■ Work order ■
Repeat the following data exactly, omitting pictures.

■ Exercise data ■
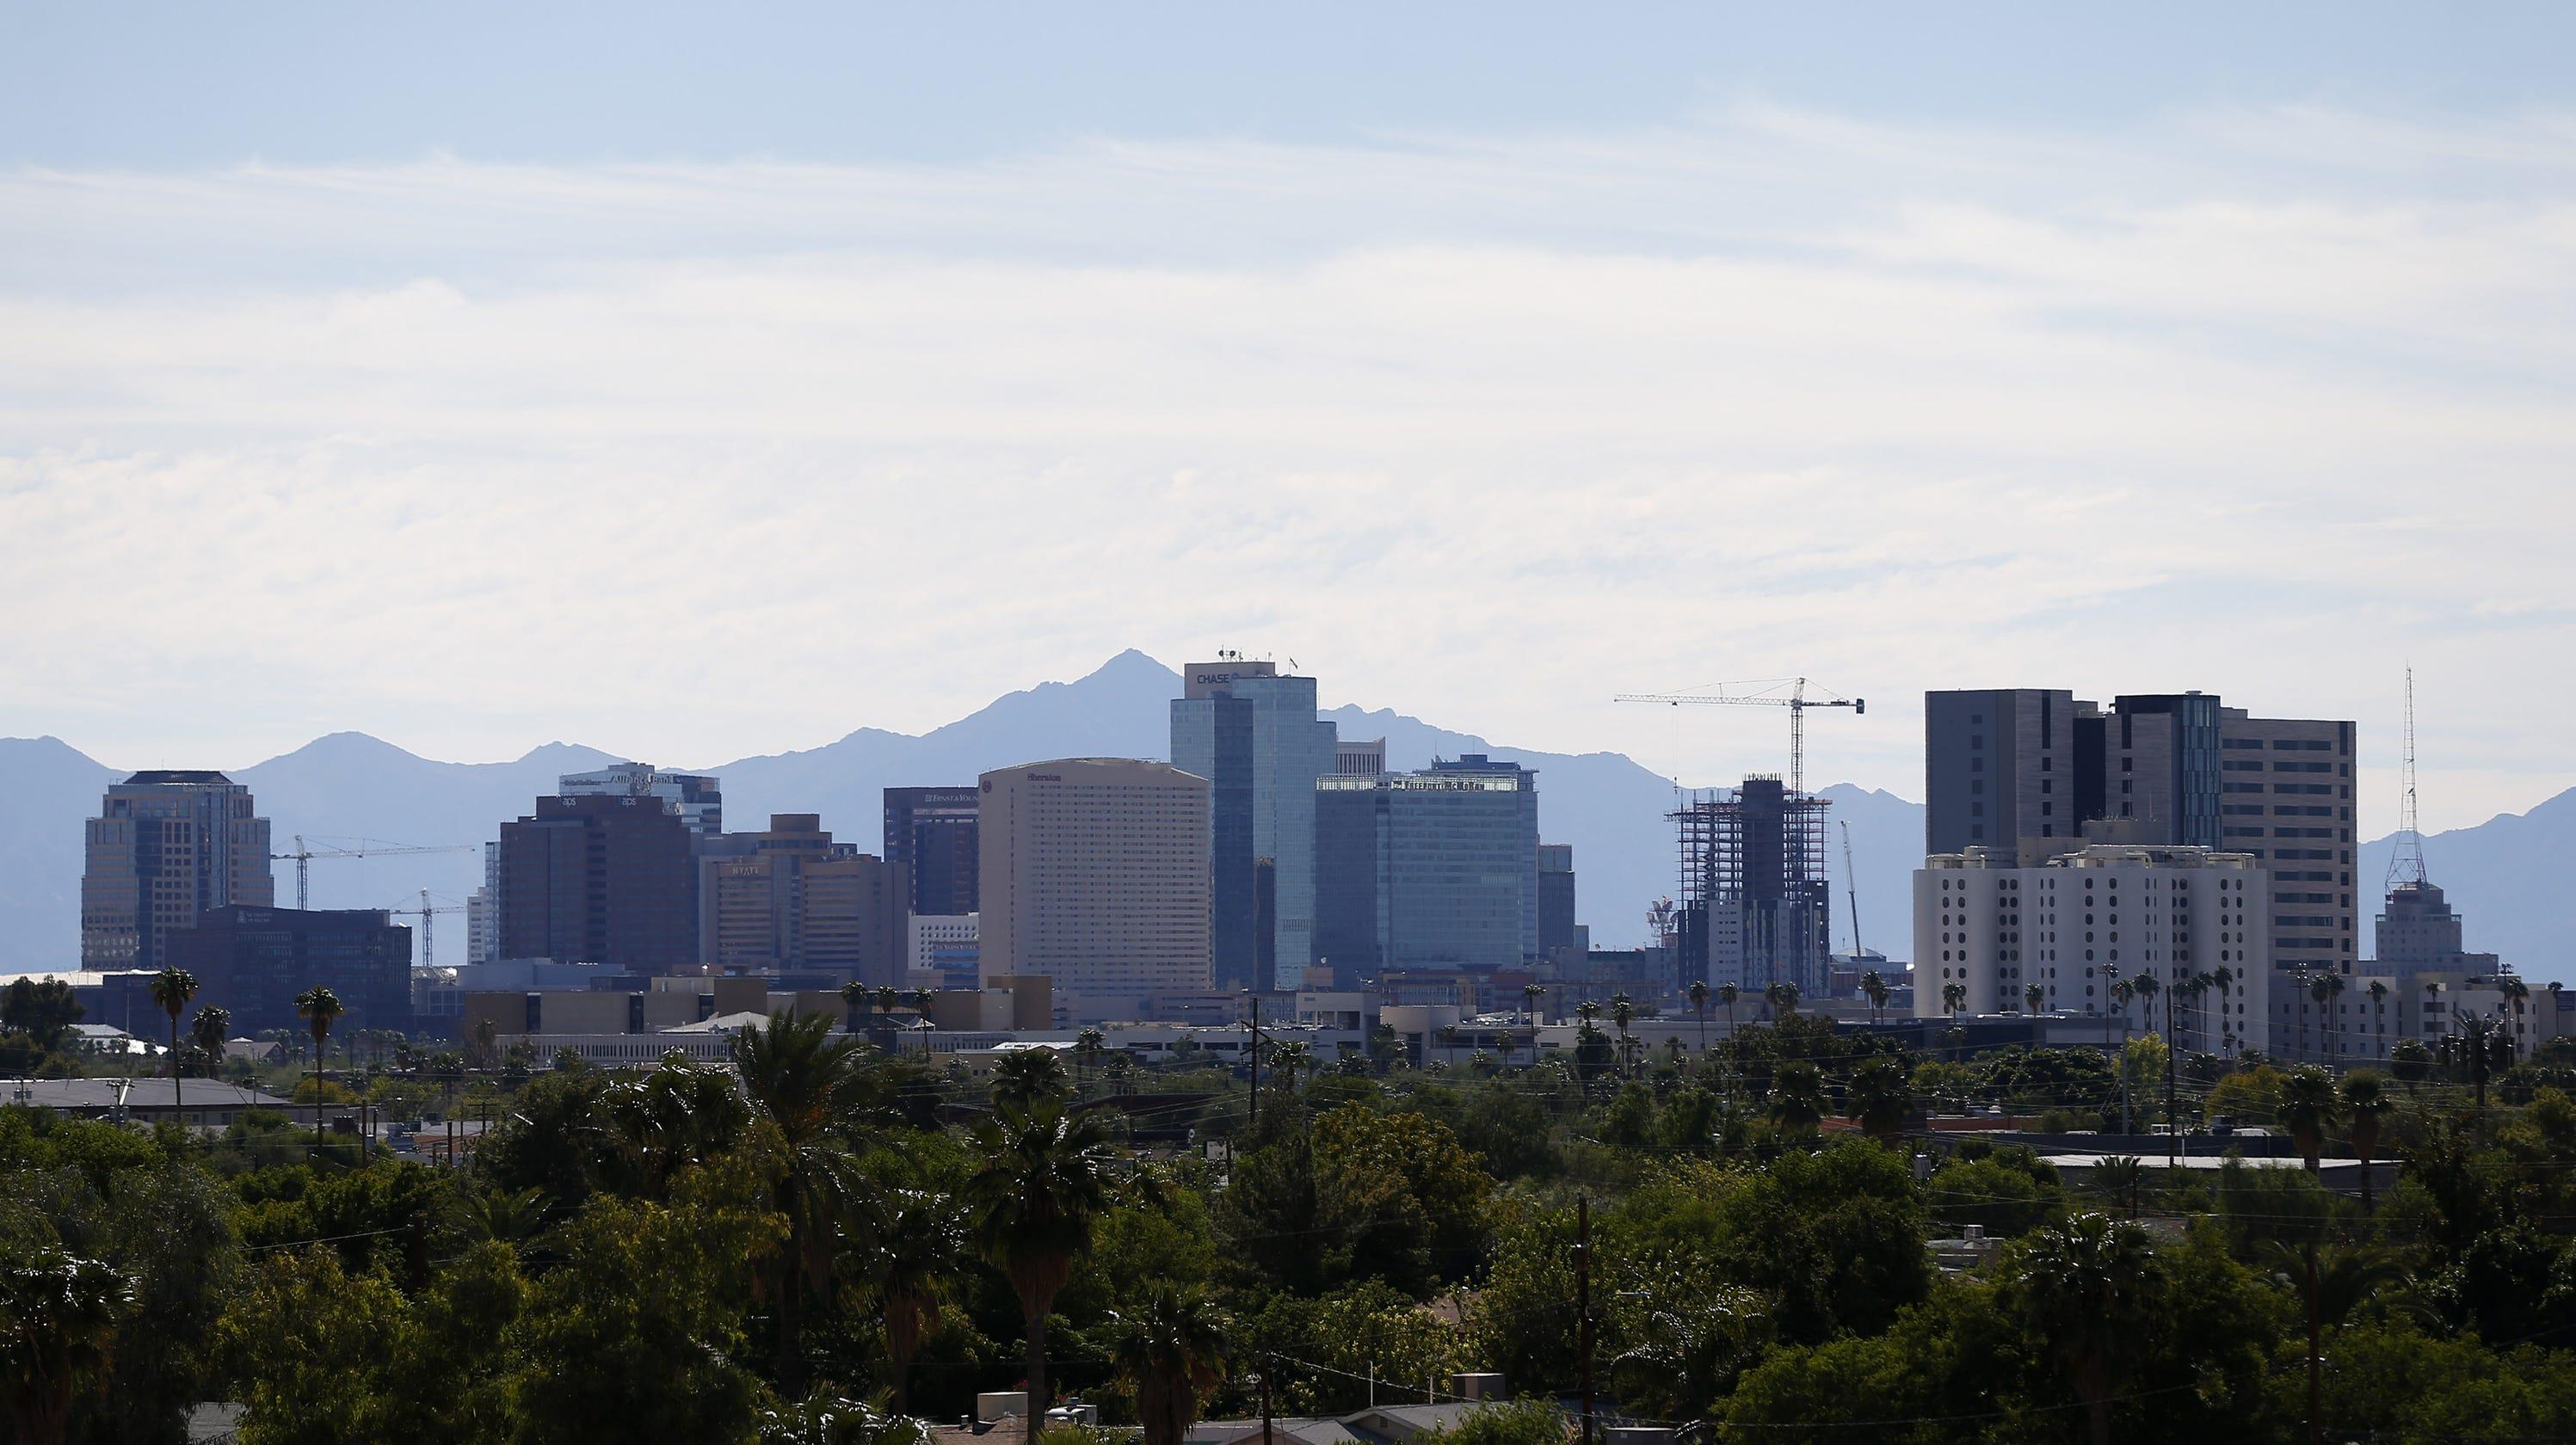 Downtown Phoenix: 'Extraordinary' rebirth brings hope ... on future asia map, future pangea map, future texas map, future florida map, future new york map, future nyc map, future california map, future united states map, future hawaii map,
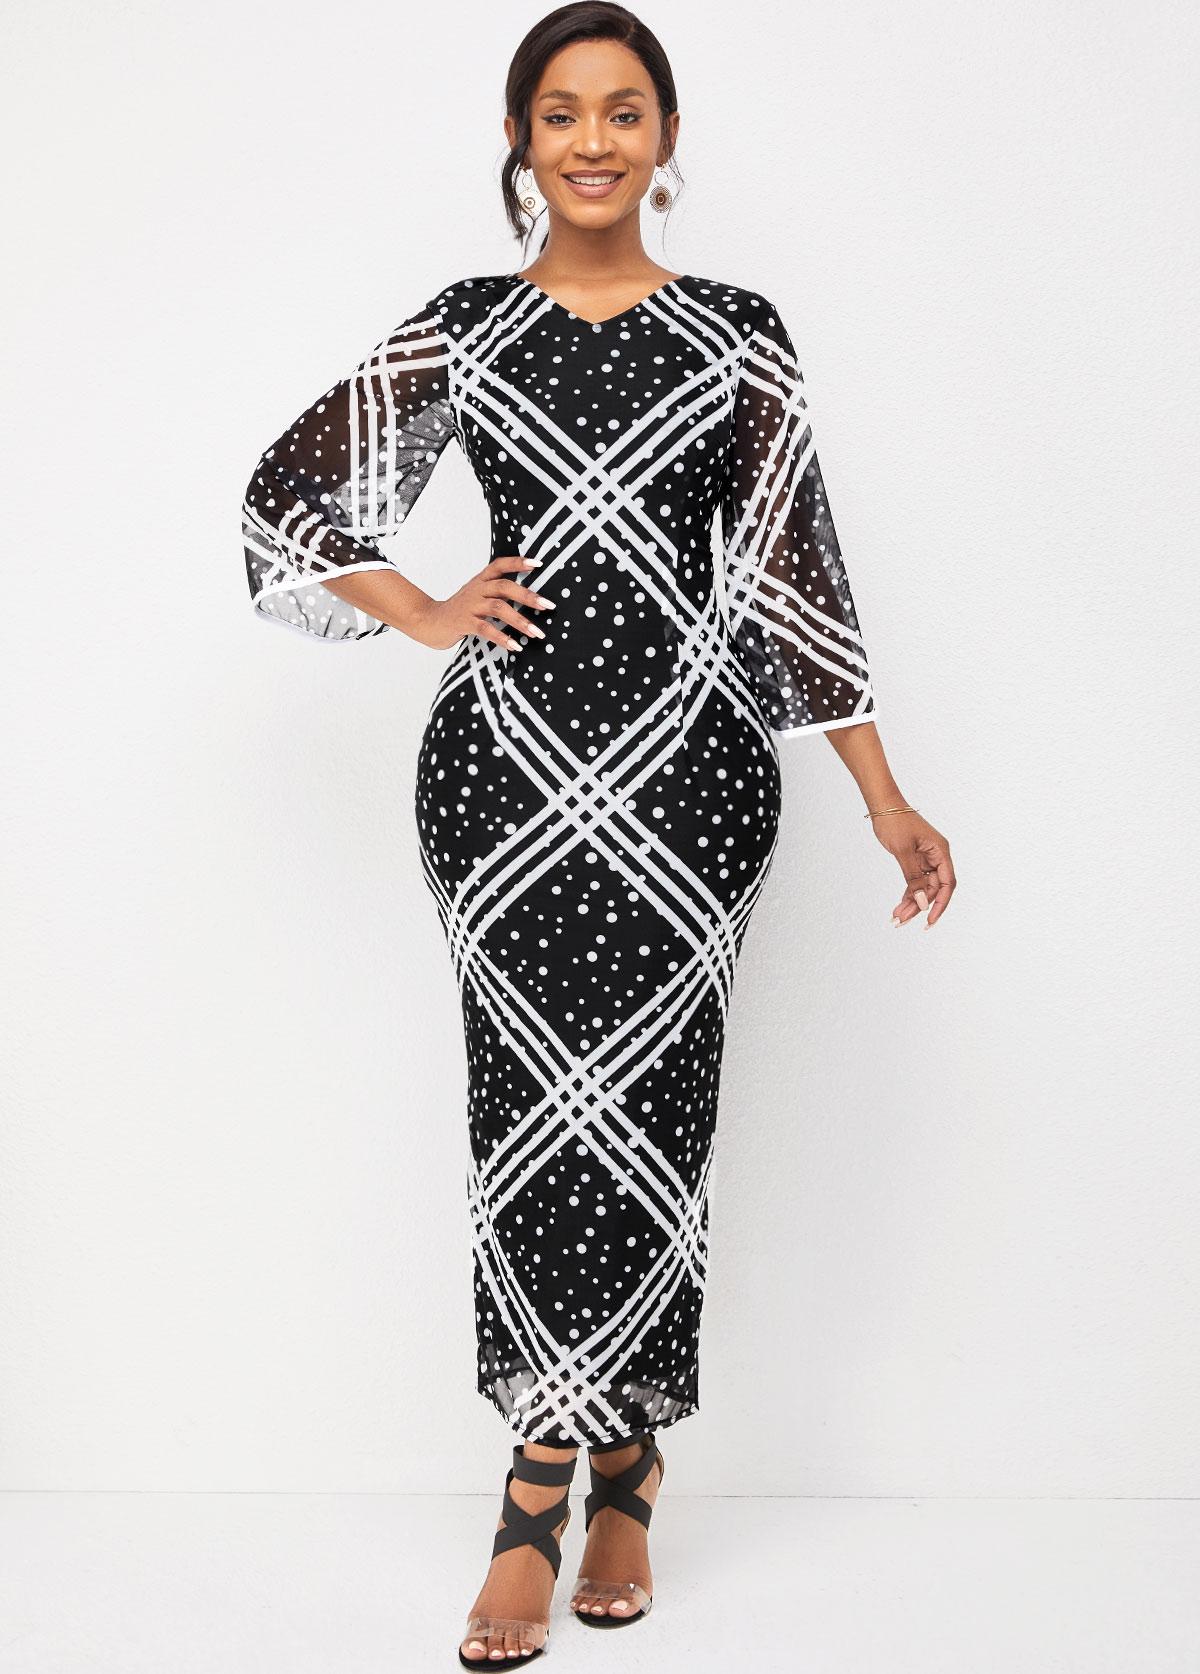 V Neck Striped and Polka Dot Flare Sleeve Dress
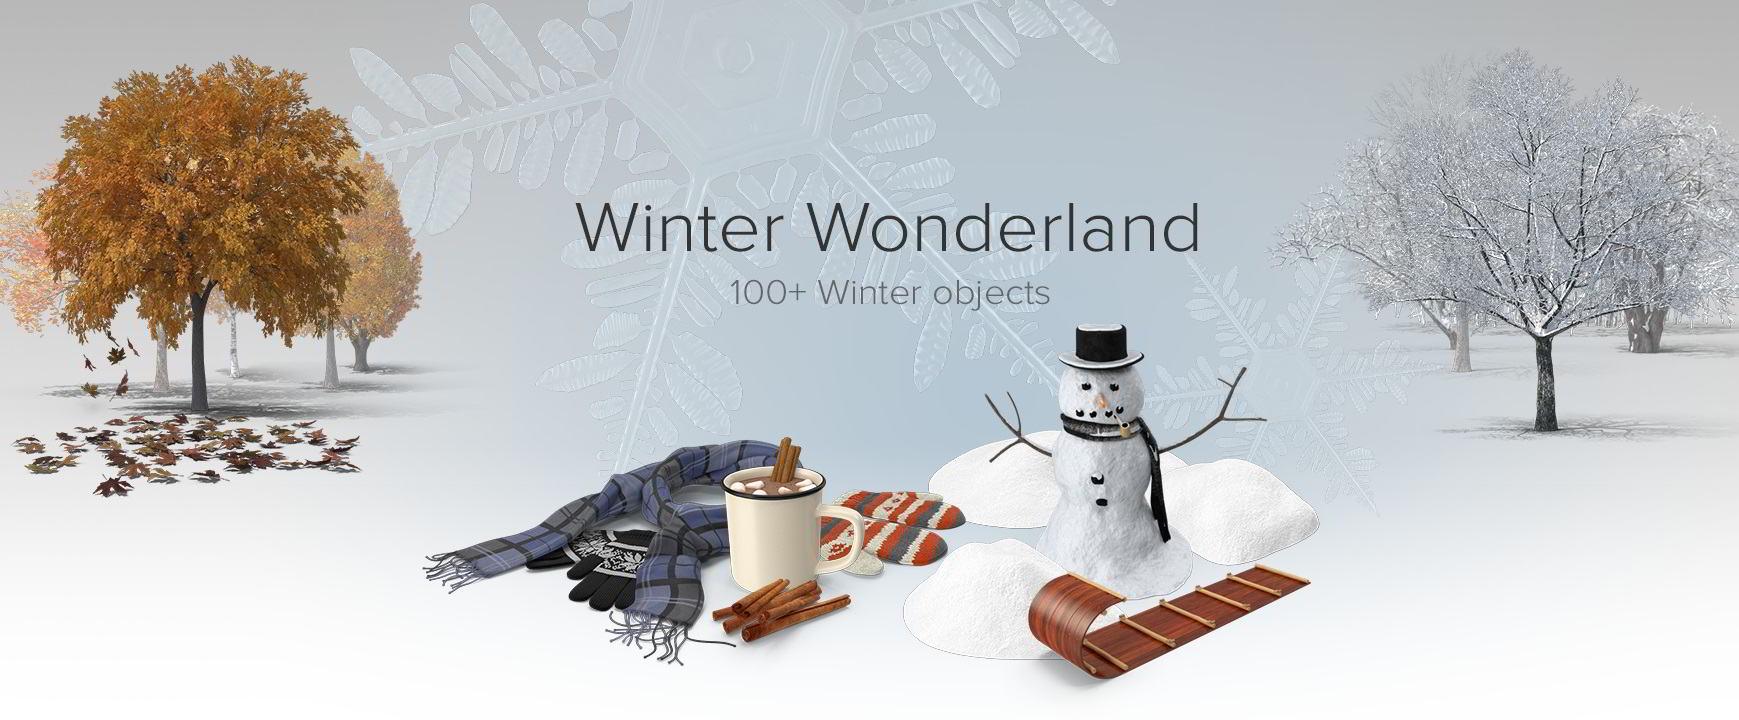 PixelSquid – Winter Wonderland Collection free download

■ Your response ■
 Downtown Phoenix: 'Extraordinary' rebirth brings hope ... on future asia map, future pangea map, future texas map, future florida map, future new york map, future nyc map, future california map, future united states map, future hawaii map,
 V Neck Striped and Polka Dot Flare Sleeve Dress
 PixelSquid – Winter Wonderland Collection free download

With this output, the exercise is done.